Open bernhardreiter opened 7 years ago
On IntelMQ-CB-Mailgen installations with large databases, we see that the stats calls are slow. Initial calls of PostgreSQL's analyse explain
have shown that indices are not used in many cases.
Typical is to first have a time frame, which gives a very large result set and then more criteria, for which no index is used anymore, because the indexes used to far to not have information that can be used to apply a second index on a result set of the first.
Because the other search criteria also matching often, it also does not make sense with many queries to do the other criteria first because the intermediate result set would also be large leading to the same problem.
The idea is to change the structure of the database to allow indexes to be applied after each other. At least the advantage of the time range should be used.
If apache2 is used as https Server, we can add the time it takes to serve a request to the LogFormat: https://github.com/Intevation/intelmq-fody-backend/commit/e431153520d045fa62519b24e5835e06a2bbdddd
If apache is used to log stuff, the relevant log files are
/var/log/apache2/fody-backend-access.log
/var/log/apache2/error.log
which has the sql queries, if at least INFO is activated as loglevel. And if some request parameters are transfered in the body, this file has to be used to see the details.Here some commands that can help to count certain requests, here with parameters in the url:
zgrep --only-matching "GET /api/events/search?[^ ]*" fody-backend-access.log*
or only requests not made by the client python-requests:
zgrep --invert-match --count python-requests fody-backend-access.lo* | sort
One problem seems to be that many queries will use the time.observation
field as a limiting parameter. As it is possible that events come in freshly with time.observation
being well in the past, the database will have to consider all entries. It would be interesting to know how big the typical gap is in a large database. And it would be interesting to know if users could define a limit when it does not matter to them anymore if time.observation
is in the past for x days in a freshly incoming event.

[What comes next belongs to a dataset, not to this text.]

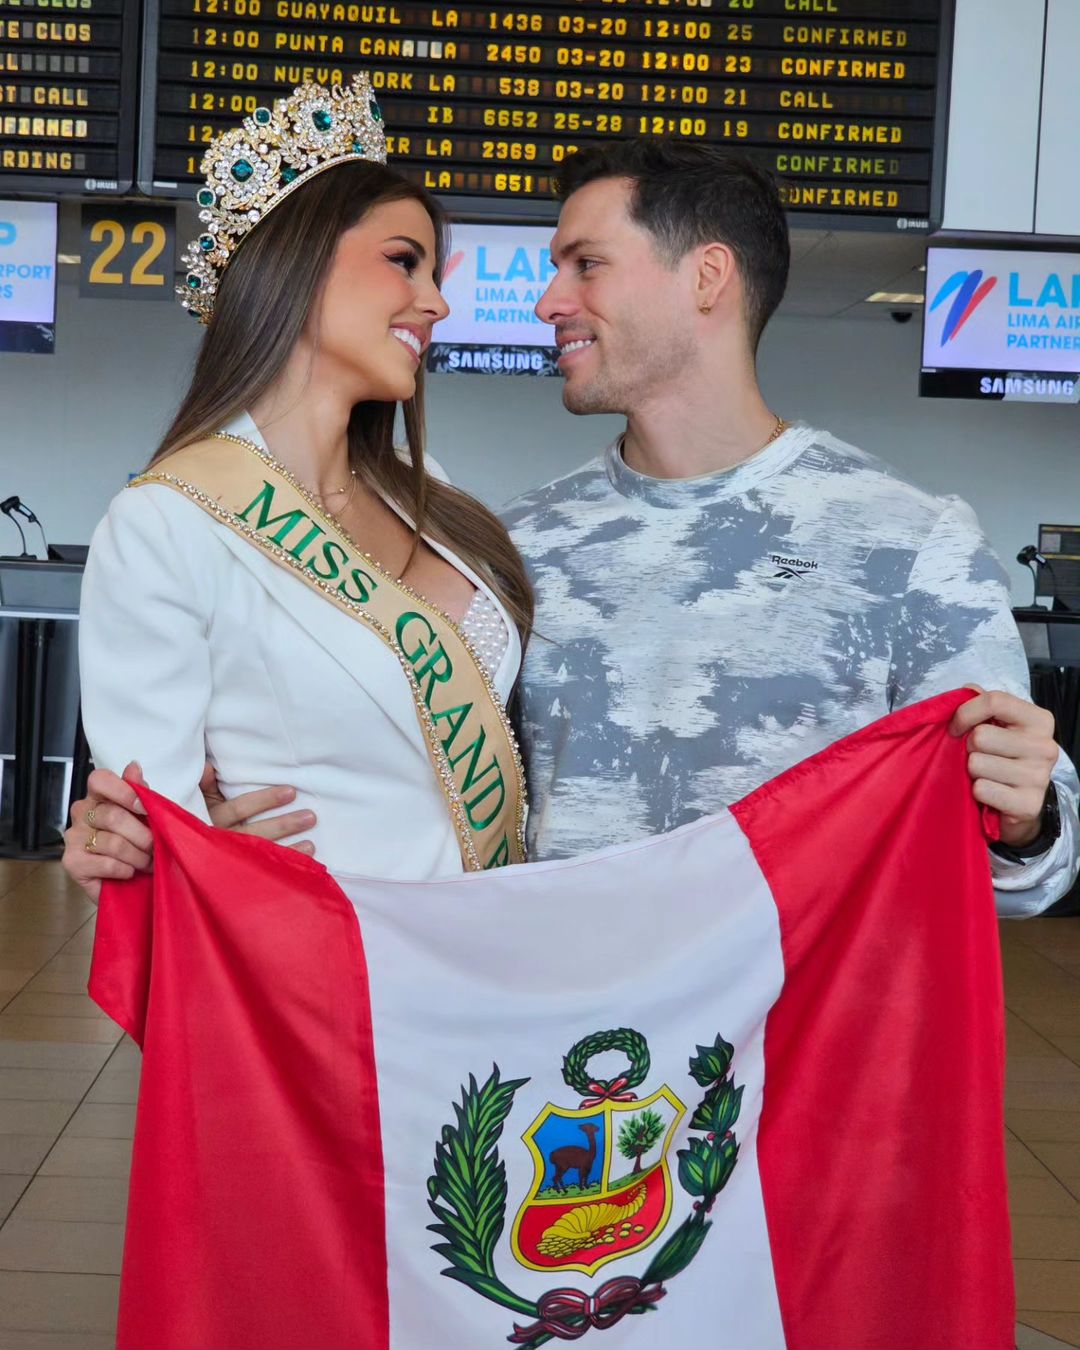 Ở 'cương vị mới' sau đăng quang MGI 2023, Hoa hậu Peru nói một câu gửi đến bạn trai cực ngọt ngào - ảnh 4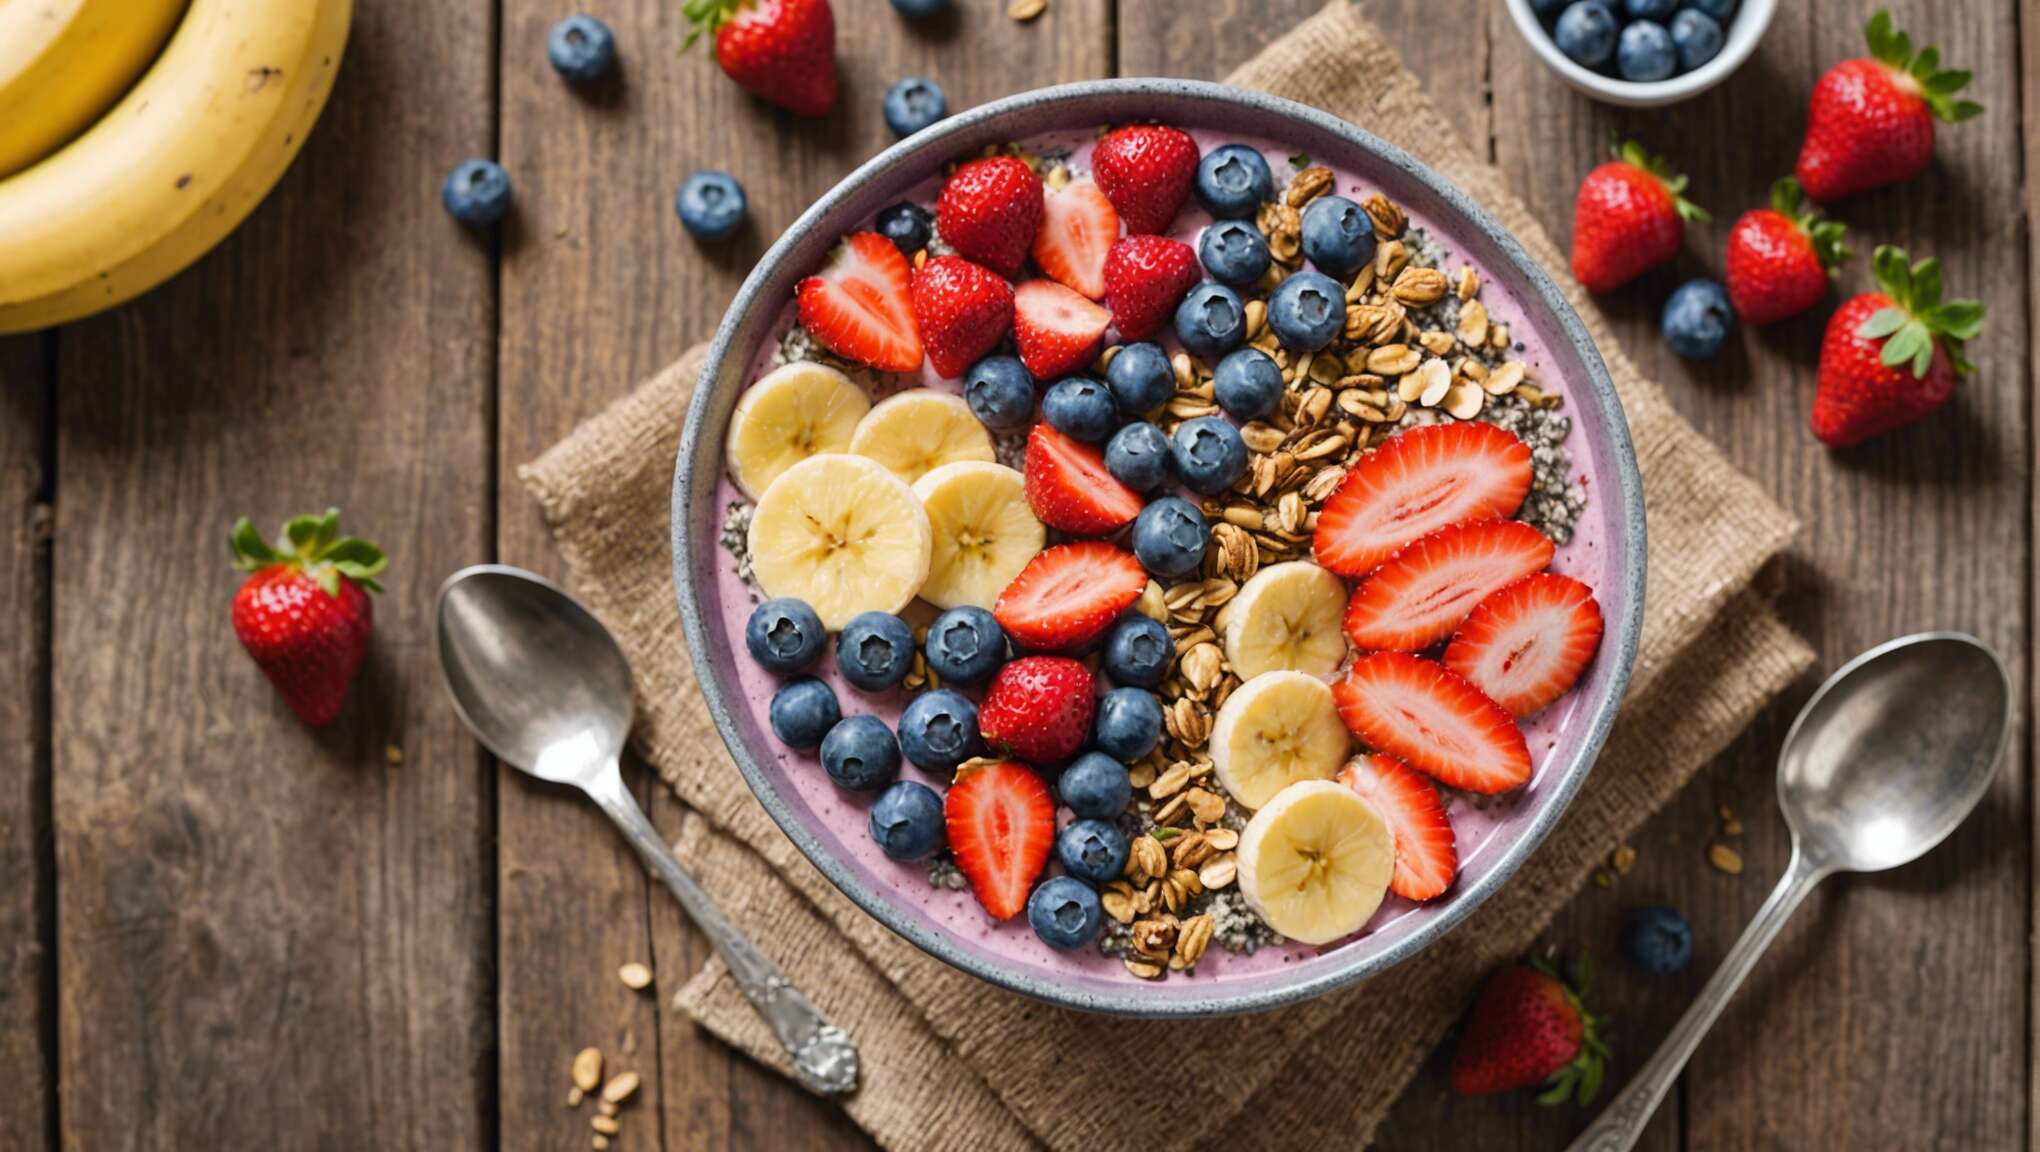 Smoothie bowl : la tendance petit-déjeuner gourmande et saine

This is likely to have an impact as the PostgreSQL CLUSTER
can https://www.postgresql.org/docs/current/sql-cluster.html physically reorder a table matching an index. There are also partial indexes.
As a real select count(*) from events;
can be really slow, we can estimate the size by
SELECT reltuples::bigint AS estimate
FROM pg_class
WHERE oid = to_regclass('public.events');
long queries can be understood better by issuing as statement like the following:
EXPLAIN (ANALYZE, BUFFERS) statement
Measurements with EXPLAIN and atop showed that there was room for finetuning of postgresql 9.5, this helps to adapt to the memory size and the type of storage (e.g. fast SSD or something else).
One source of optimisation ideas is https://pgtune.leopard.in.ua . Another the documentation of PostgreSQL, e.g. https://www.postgresql.org/docs/9.5/runtime-config-query.html#GUC-RANDOM-PAGE-COST and https://www.postgresql.org/docs/9.5/runtime-config-resource.html#GUC-EFFECTIVE-IO-CONCURRENCY.
The following commands from the https://en.wikipedia.org/wiki/The_Unix_Programming_Environment may help to look at the fody-logfiles to see how many request are taking how long
zgrep --invert-match python-requests fody-backend-access.log.2.gz | \
sed 's/\(^.*\) \([0-9]*$\)/\2 \1/' | \
awk '{ if ($1 > 1000) print $0 }' | \
sort -n
Short explanation: The sed
replaces the value of milliseconds to the front of the row, the awk
only prints out lines that have more than a second.
When running a query over a full month it may take several minutes (up to 10) on a test-system we are running which has a couple of million events in that timeframe (e.g. 25M events).
One reason is that the SQL query sometimes uses the index and sometimes it does not.